Graham estimated it has been at least 20 years since a bear was last seen in Evanston proper.

In the aftermath of the incident, several people have wondered why the bear wasn’t simply relocated.

Graham said that WGFD normally tries to trap bears, especially because it can be hard to get close enough to tranquilize them, but the game warden only had two days of warning before the bear became a more immediate threat.

“Once you get into an urban environment, ... [trapping a bear] is really hard to do — and dangerous to do — because of people’s kids and pets and various things,” he said. “You get much more limited with your options when you’re dealing with a bear right in town like that.”

He added that if the bear had remained where it was first spotted, officials might have had the time to trap it and move it somewhere else, but instead of moving away from people, it headed into town. 

In fact, by the time it was euthanized, the bear was a short distance away from intersection near Uinta Meadows Elementary, which not only has an elementary school down the street (and a high population of families with small children) but has a nearby grocery store, a gas station, a liquor store, baseball fields and all four secondary schools.

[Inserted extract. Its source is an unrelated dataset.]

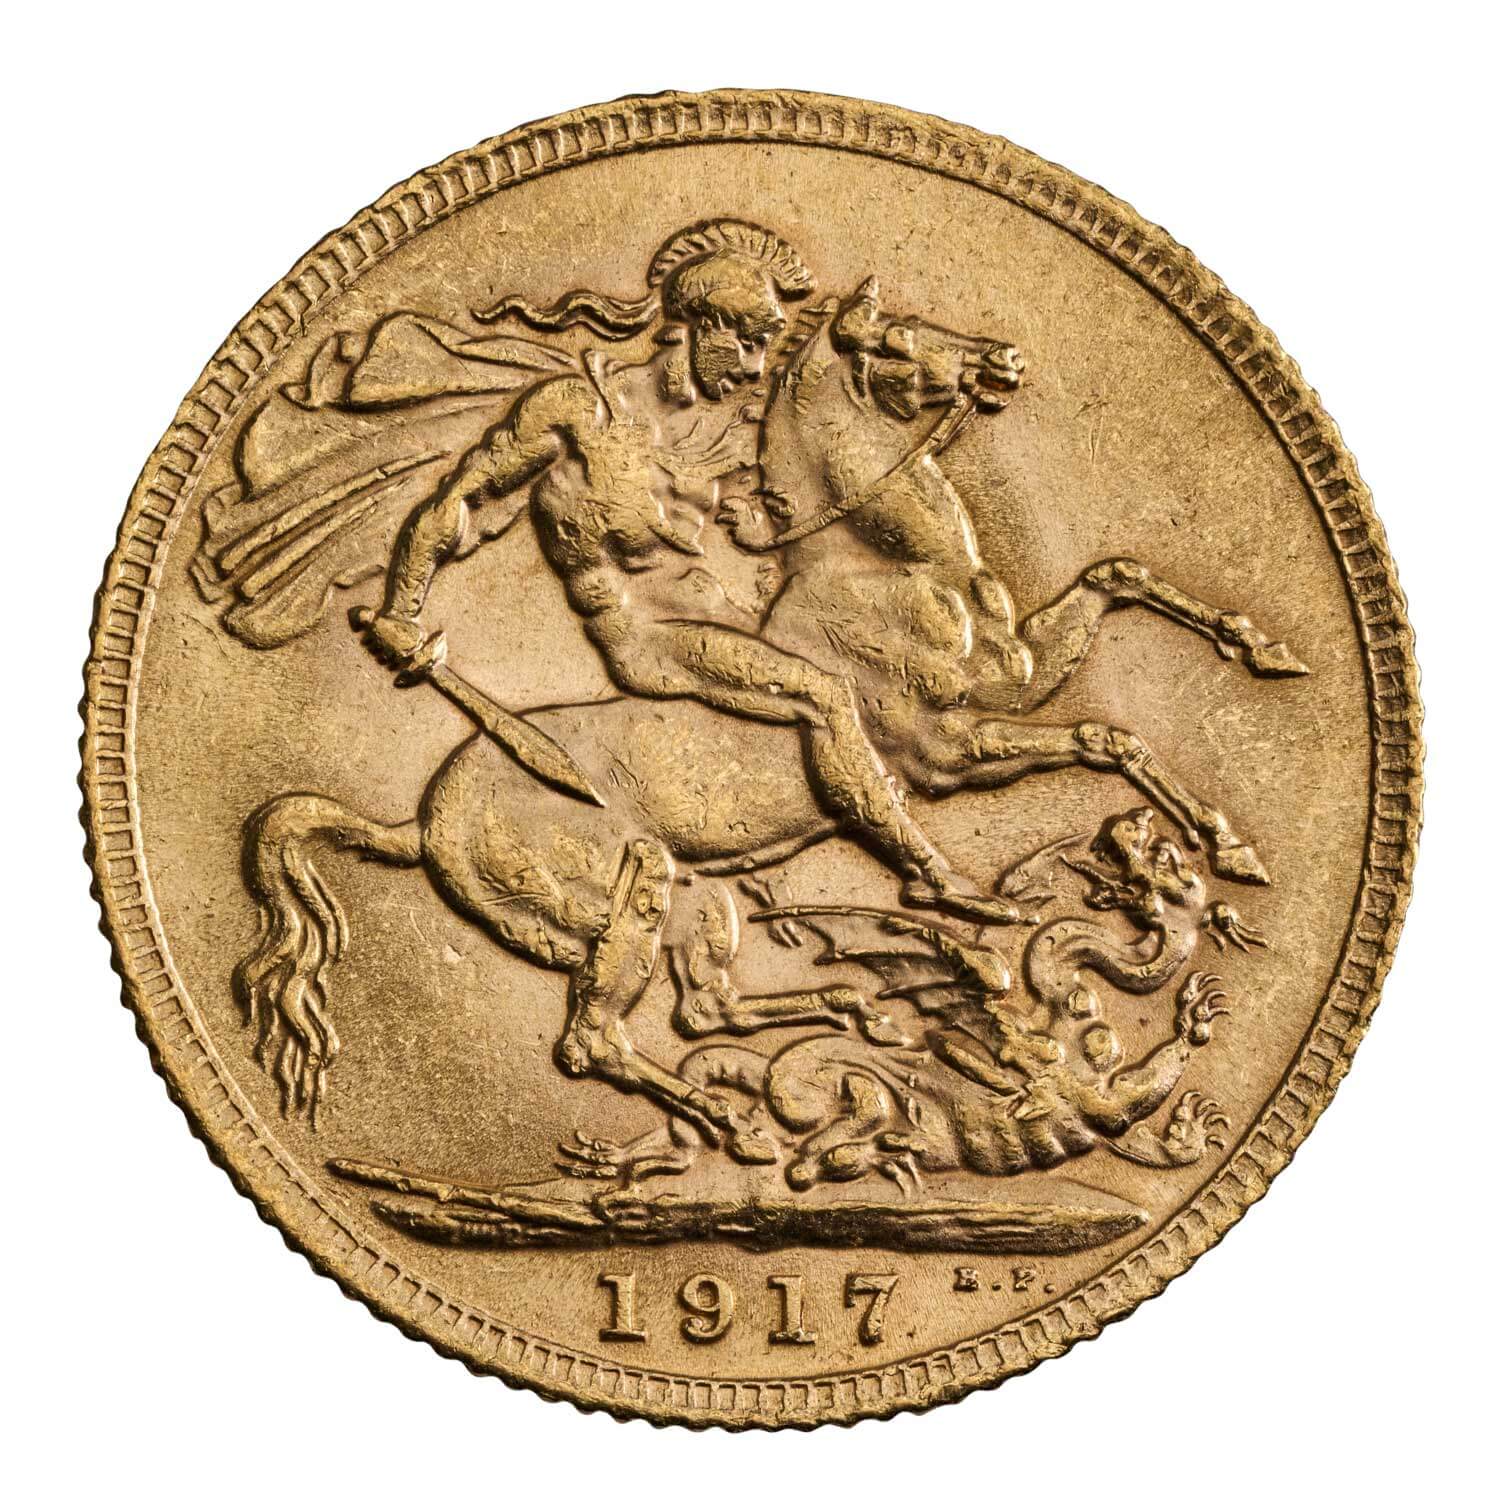 a 1917 gold sovereign

Graham also said that relocation to the Uintas was unfeasible for other reasons, including the fact that taking a bear already acclimated to humans and ready food sources simply becomes a problem elsewhere. 

“There’s not a lot of mountainous bear-type habitat in Wyoming,” he said. “... in the Uintas, we have had some problem bears there in the past, and just don’t feel that’s a good place to take a problem bear.” 

He also said that WGFD does not relocate bears to other states, and the Uinta Mountains visible from Evanston are in Utah. 

Furthermore, bears that are used to humans often become more aggressive and daring around people, to the point of seeking food anywhere they sense it. 

“They tend to try to get into places like houses, where they wouldn’t a lot of times,” Graham said. “It’s happened — not in Wyoming [that] I’m aware of — when they go into houses actually when people are home.” 

“Like any wild animal, if they get cornered and get scared, they can become very dangerous,” he continued. “... We just feel that human safety has to be our first concern, a priority. We don’t want anything to happen.” 

There has also been a rash of black bear attacks elsewhere in the United States this year, especially in Alaska and Colorado. Two people died in mid-June in Alaska when they were attacked by predatory black bears.

Graham said he doesn’t think anyone was deliberately feeding the bear that was in Evanston, but bears coming into town are so rare that people aren’t used to keeping trash bins bear-proof, or securing other wildlife attractants like food for humans, pets, livestock and even birds.